So as you can see, we can really use any key value pairs that we see in our HTML.

And once we have selected an outer selection of HTML, we can continue on by searching that HTML for more detailed information.  For example, to find the information particular to John Lennon.

In [36]:
john_lennon_hrefs = cols[0].findAll('a', {'title': 'John Lennon'})
john_lennon_hrefs

[<a href="/wiki/John_Lennon" title="John Lennon">John Lennon</a>]
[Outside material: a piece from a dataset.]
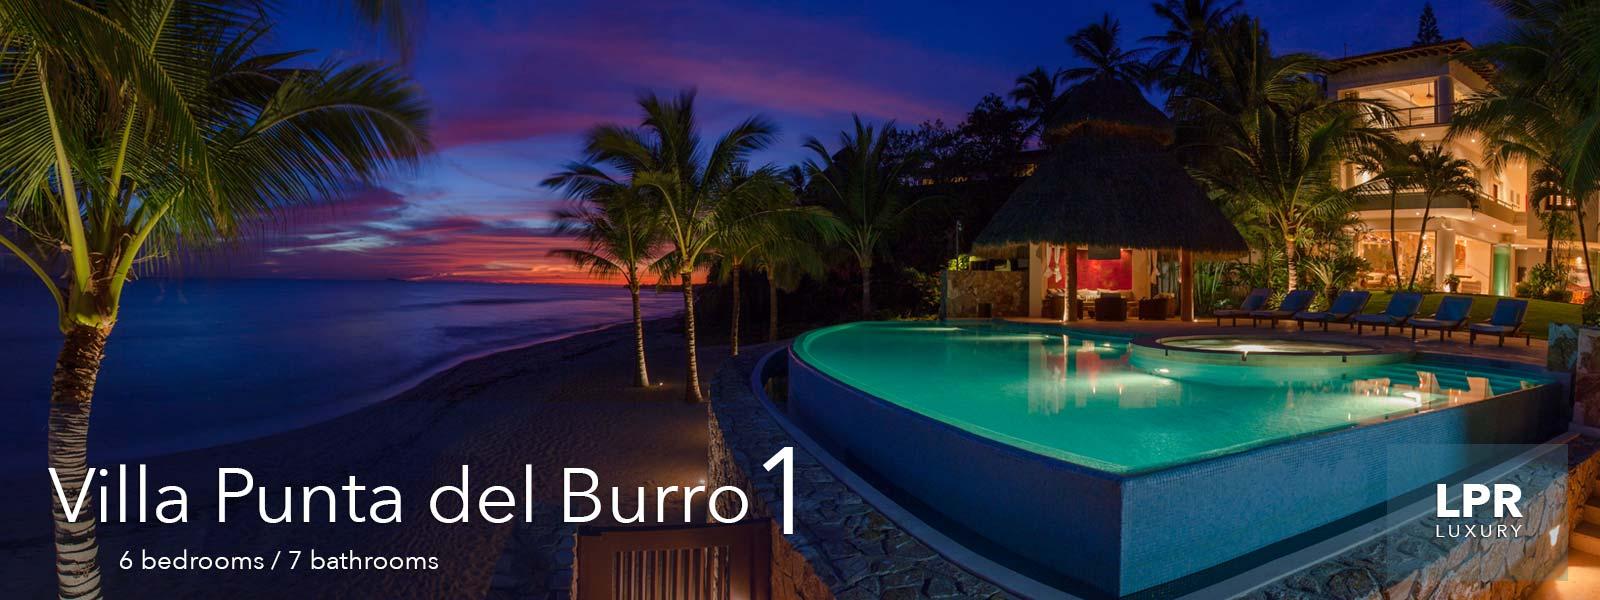 Villa Punta del Burro 1 - Punta de Mita, Riviera Nayarit, Mexico

And once we find the correct element, we can then access various attributes of that html directly.

In [37]:
john_lennon_hrefs[0].text

'John Lennon'

In [43]:
john_lennon_hrefs[0]['href']

'/wiki/John_Lennon'

In [44]:
john_lennon_hrefs[0]['title']

'John Lennon'

### Summary

In this lesson, we saw how we can use the beautiful soup libary.  We saw that we can do so by first making a request to the relevant url, and then extracting the text.

In [45]:
response = requests.get('https://en.wikipedia.org/wiki/The_Beatles')

html = response.text

This returns a string, which we can then pass into beautiful soup to more easily parse.

In [47]:
from bs4 import BeautifulSoup as bs
soup = bs(html, 'html.parser')

And from there, we can use the findAll method, which takes both the tag name and key value pairs of any attributes in the HTML.

In [49]:
cols = soup.findAll('td', {'colspan': '2'})

And we extract find specific attribute values in the selected HTML by specifying the relevant key.

In [51]:
cols[0]['class']

['infobox-image']

Or if we prefer, we can also retrieve the text.

In [52]:
cols[0].text

'The Beatles in 1964; clockwise from top left: John Lennon, Paul McCartney, Ringo Starr and George Harrison'